Will you let me know. Thank you so much for your response and would like to hear from you further.

@qlnsubhash You can use LINQ syntax to achieve this. For example see the following code which does the same as the code suggested in the previous answer:

Document doc = new Document(@"C:\Temp\in.docx");

// Remove all rows with zero values using LINQ
doc.GetChildNodes(NodeType.Row, true).Cast<Row>() // Get all rows from the document.
    .Where(r => r.Cells.All(c => c.ToString(SaveFormat.Text).Trim().Equals("0"))) // Select rows with zero values.
    .ToList().ForEach(r => r.Remove()); // Remove selected rows.

doc.Save("C:\\Temp\\out.docx");

If zero values rows in your input document will have some metadata, you can use another condition to to select rows with zero values.

Made this modification(c.PreviousSibling != null) in the for loop to avoid the first cell which would have description.

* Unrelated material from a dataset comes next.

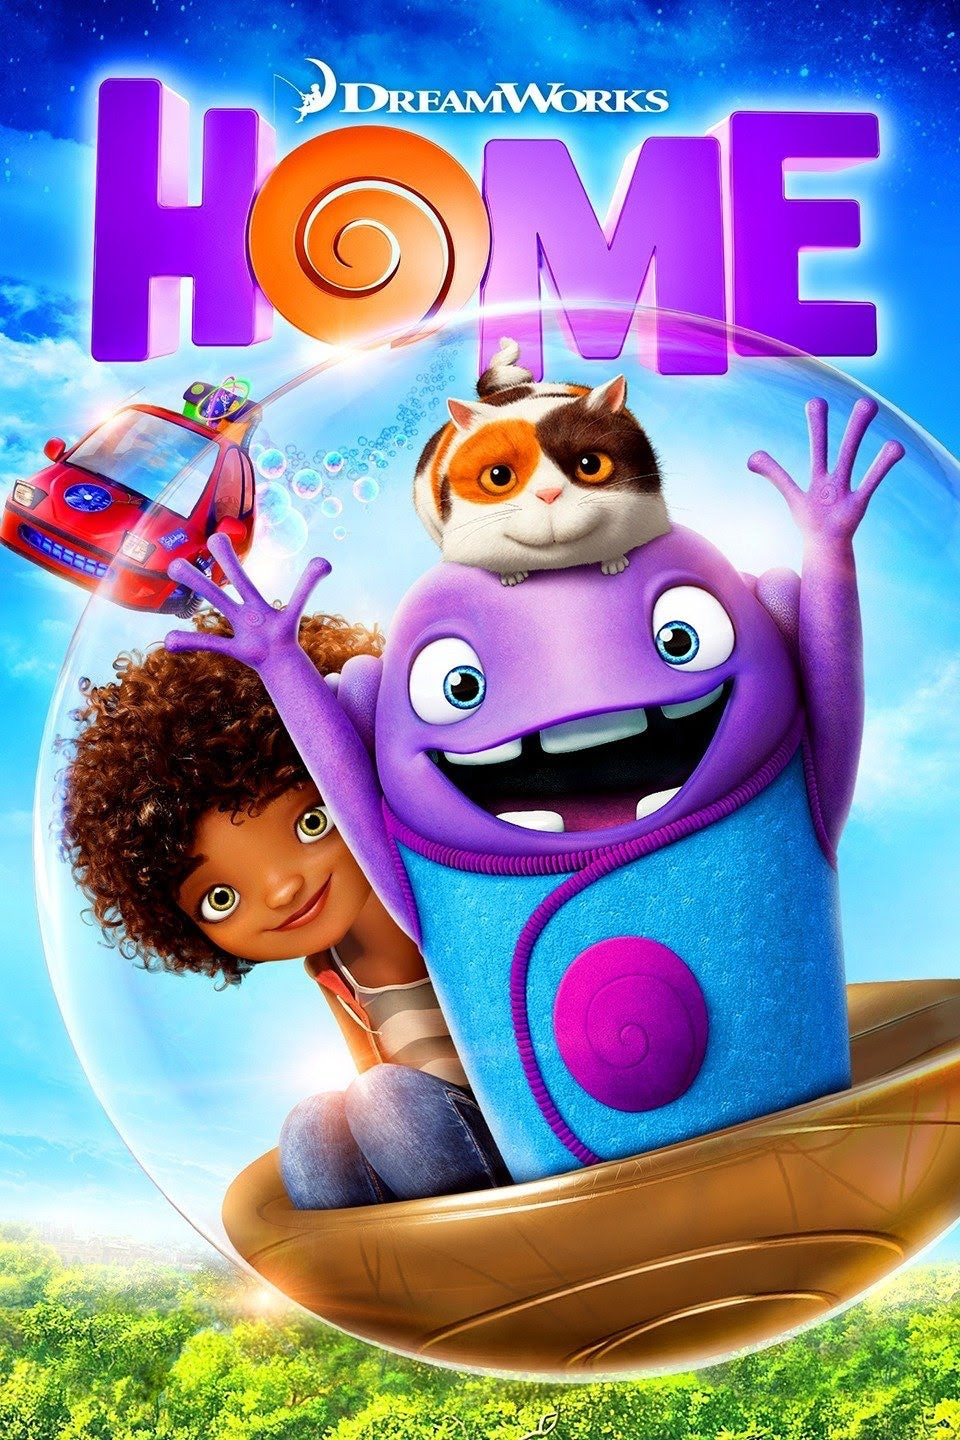 Home (2015) Movies Anywhere HD code

Aspose.Words.Document docu = new Aspose.Words.Document(@"in.docx");

foreach (Aspose.Words.Tables.Table table1 in docu.GetChildNodes(Aspose.Words.NodeType.Table, true))
{
    // Remove rows with zero values.
    foreach (Row r in table1.Rows)
    {
        bool hasZeroValuesOnly = true;
        foreach (Cell c in r.Cells)
            if (c.PreviousSibling != null)//Checking to avoid the first column as it would have description.
            {
                hasZeroValuesOnly &= c.ToString(SaveFormat.Text).Trim().Equals("0");
            }

        if (hasZeroValuesOnly)
            r.Remove();
    }
}

docu.Save(@"C:\Temp\out.docx");

Attached the in.docx and out.docx.
in.docx (16.4 KB)
out.docx (22.2 KB)

Have the below questions.

  1. In the LINQ query you have provided would it be possible to add this condition
    (c.PreviousSibling != null) to skip the first column of each row in the check for 0 value?
  2. Between the foreach and LINQ would we benefit anything from the performance point of view when we have 1000 or more rows to check.
  3. Other than this 2 approaches (foreach and LINQ) would any different approach like the below question can be possible to make the operation faster.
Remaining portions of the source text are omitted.